§ RECORDED INFORMATION
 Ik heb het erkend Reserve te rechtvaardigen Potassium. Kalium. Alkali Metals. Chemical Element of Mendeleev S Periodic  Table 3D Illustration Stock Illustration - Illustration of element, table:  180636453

* * *

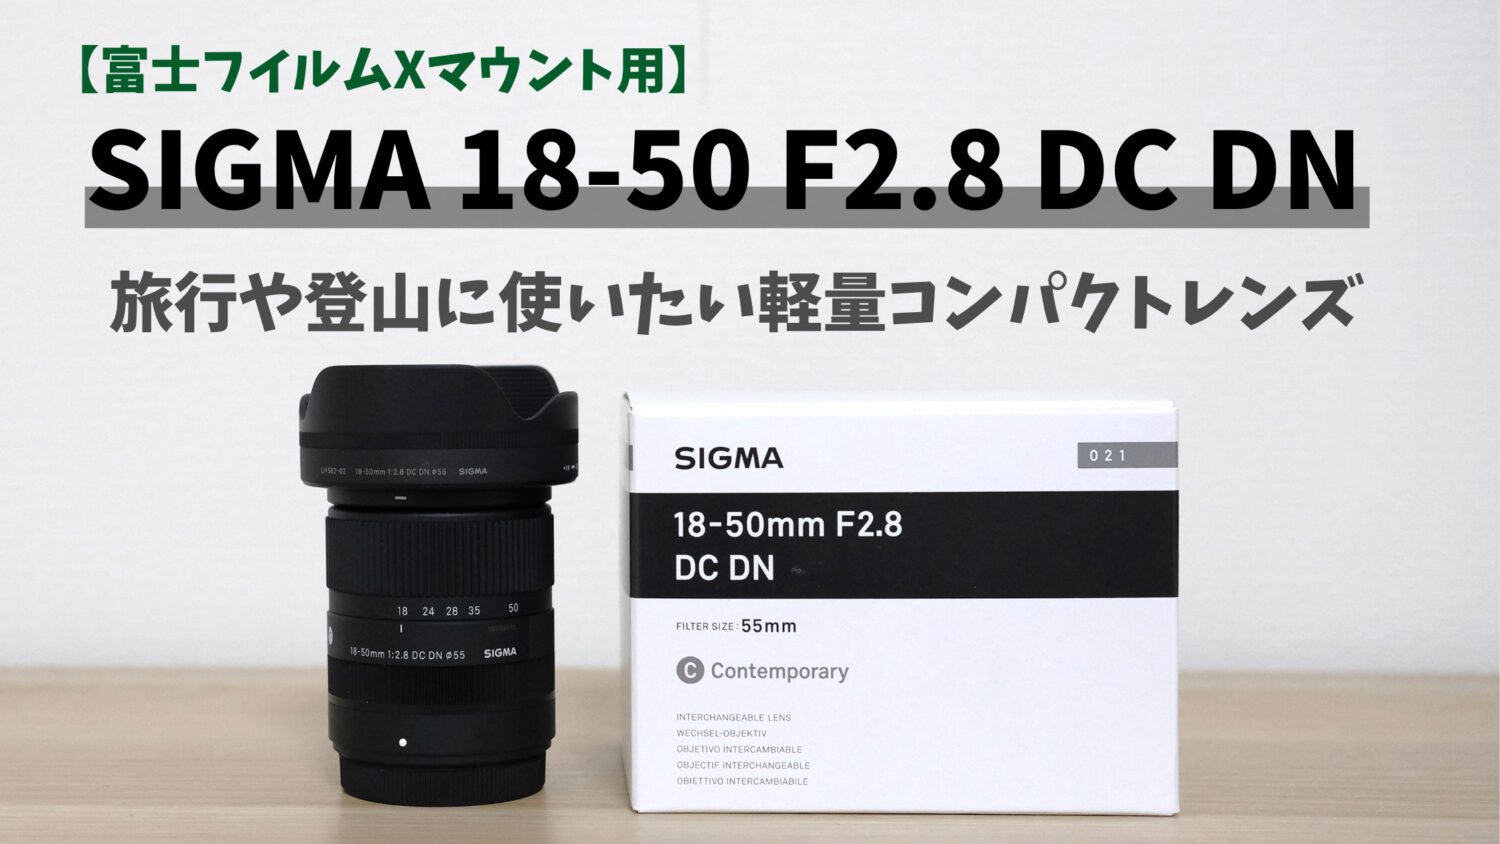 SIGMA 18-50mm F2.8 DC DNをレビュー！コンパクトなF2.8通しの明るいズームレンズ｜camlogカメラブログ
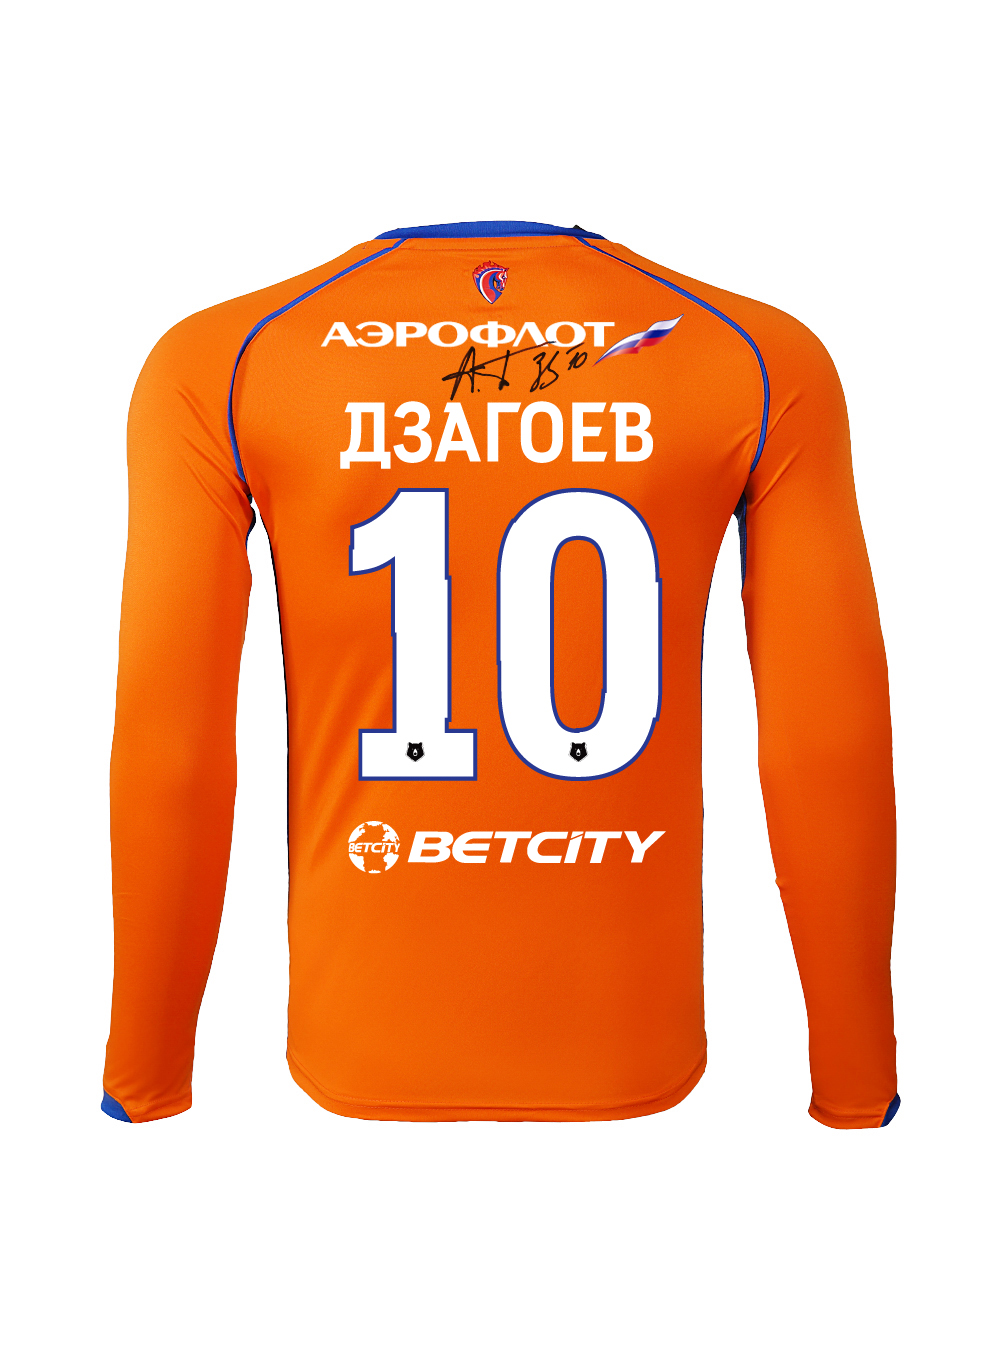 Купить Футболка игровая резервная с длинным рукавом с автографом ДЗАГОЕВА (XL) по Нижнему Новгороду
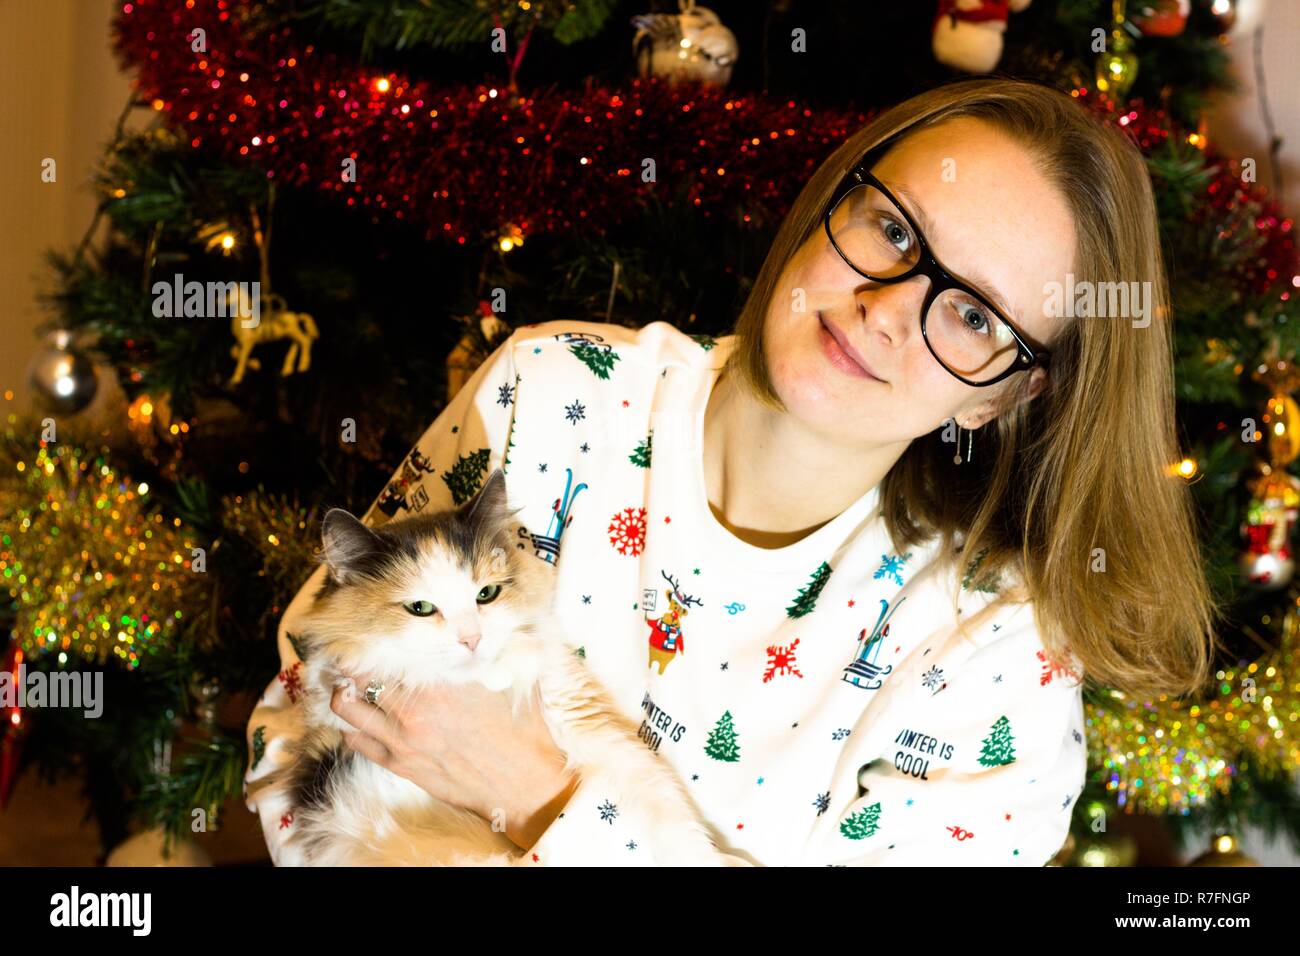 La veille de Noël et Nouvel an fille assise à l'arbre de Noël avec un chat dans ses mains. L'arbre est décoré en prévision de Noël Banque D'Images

§ WORK REQUEST
Lines from the one above containing "Купить Футболка игровая" down to the one containing "La veille de" should be transcribed exactly, with both ends kept and no pictures.

§ SOLUTION TO THIS EXERCISE
 Купить Футболка игровая резервная с длинным рукавом с автографом ДЗАГОЕВА (XL) по Нижнему Новгороду
 La veille de Noël et Nouvel an fille assise à l'arbre de Noël avec un chat dans ses mains. L'arbre est décoré en prévision de Noël Banque D'Images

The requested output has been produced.